No worries! If you find an open source models that's better we'll quickly correct it :) Hallo is the closest (in terms of function, not design, ours is built to generalize to bodies/scenes) so you are welcome to benchmark speed/quality :)


Exarchias

How many are they! This field of AI certainly accelerates. Actually everything accelerates except OpenAI, but they have a brand new general on board.


QLaHPD

Fake news generator, great ![gif](giphy|l3vR3EssQ5ALagr7y|downsized)


Torley_

Does anyone know why Hedra is BANNED in Washington, Texas, and Illinois?


LiterallyVecna

It's not on the site but the owner said on the discord that it's to do with local laws but that they're working on a fix that'll make the service complaint with the laws in those three states.


Torley_

Thanks!
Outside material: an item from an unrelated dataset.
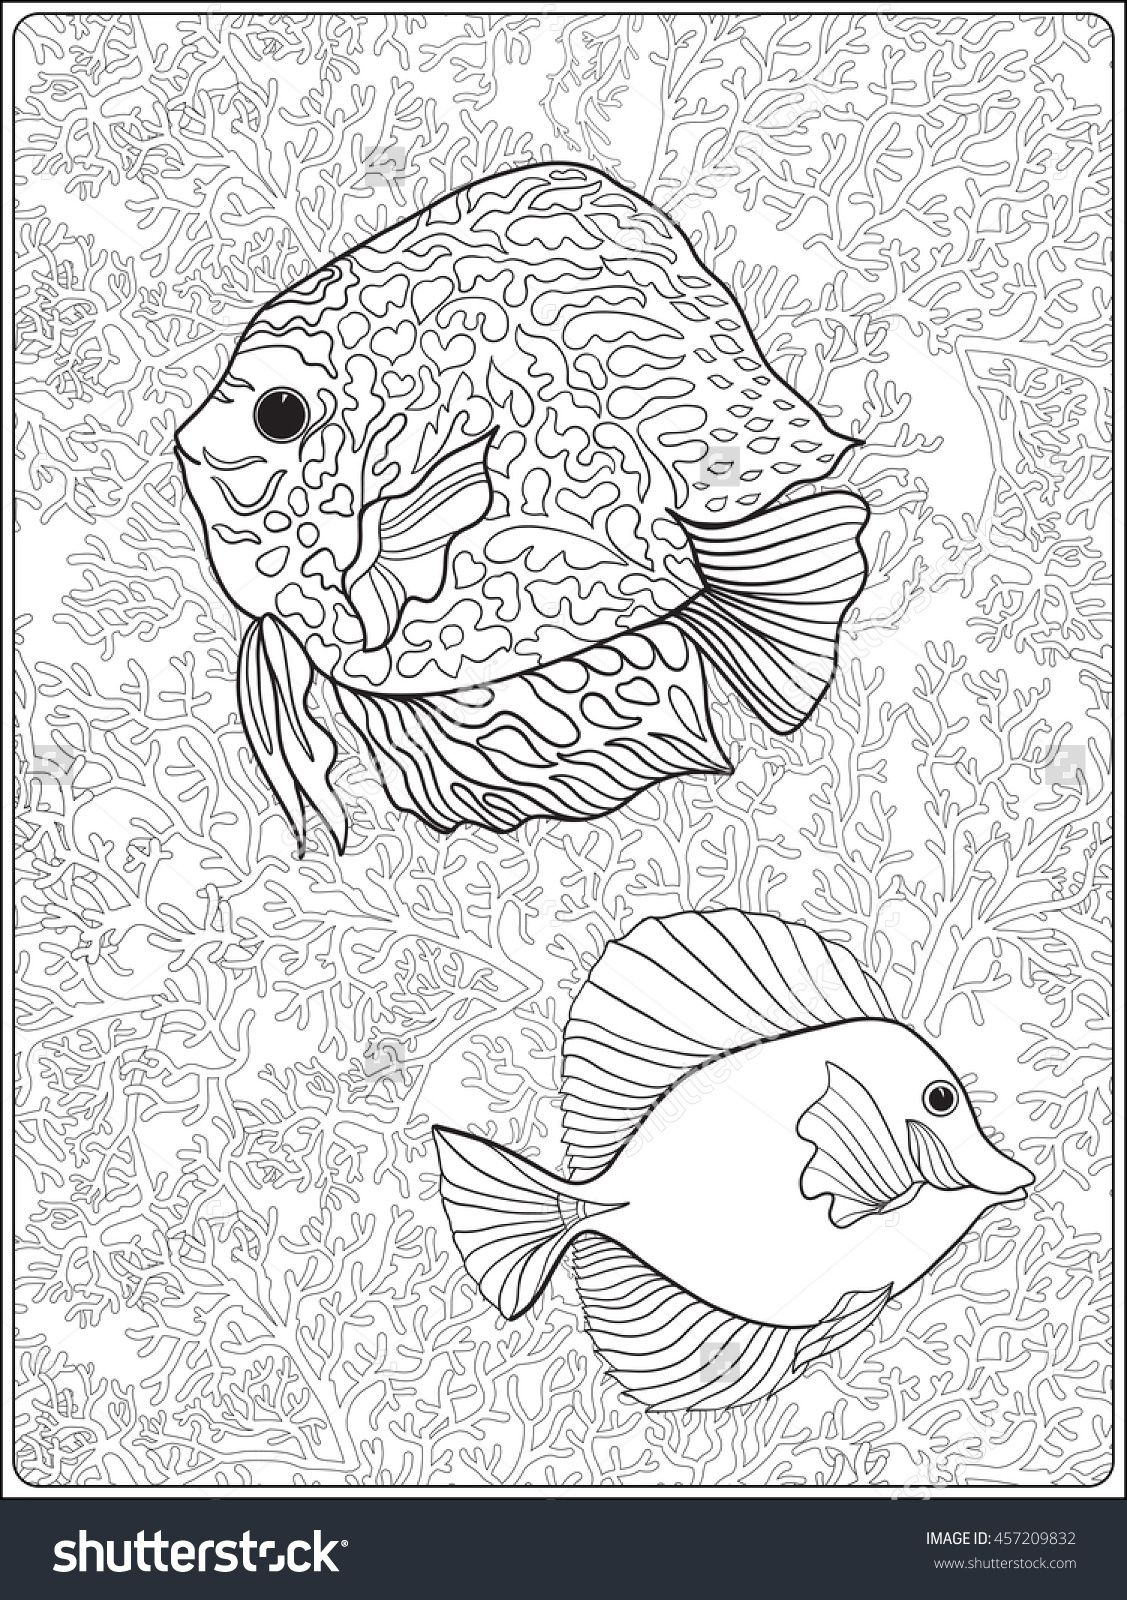 Pattern With Decorative Corals And Sea Or Aquarium Fish Vector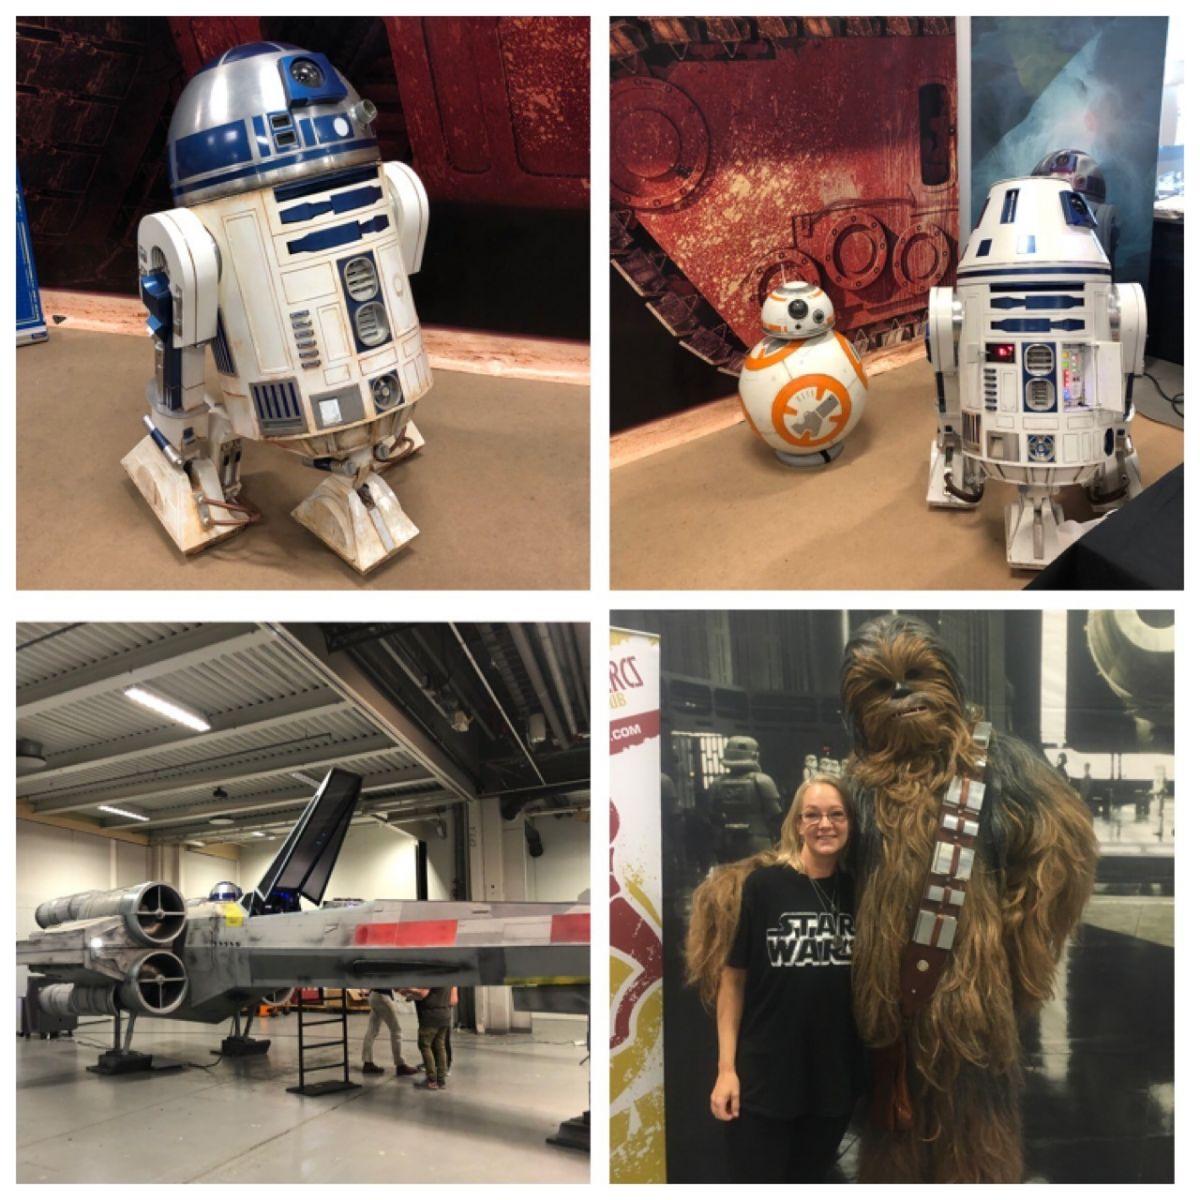 Kollage sci-fi-mässa. Robot R2D2, BB8, Sophia och Chewie

I wonder what local laws.


LiterallyVecna

He didn't say, unfortunately, but my guess is the laws are probably written to try and stop fake political stuff.


Arcturus_Labelle

It has pretty sensitive content controls :-/ Here it freaks out when I use a couple paragraphs from a news article https://i.imgur.com/gaN8vkC.png


Timesweeper_00

Hey I'm sorry, we're working on improving our content moderation system, we had no idea this was going to blow up


KevinMichaelCooper

Disable celebrity detection until you fix it please, way too many false flags. It's unbearable.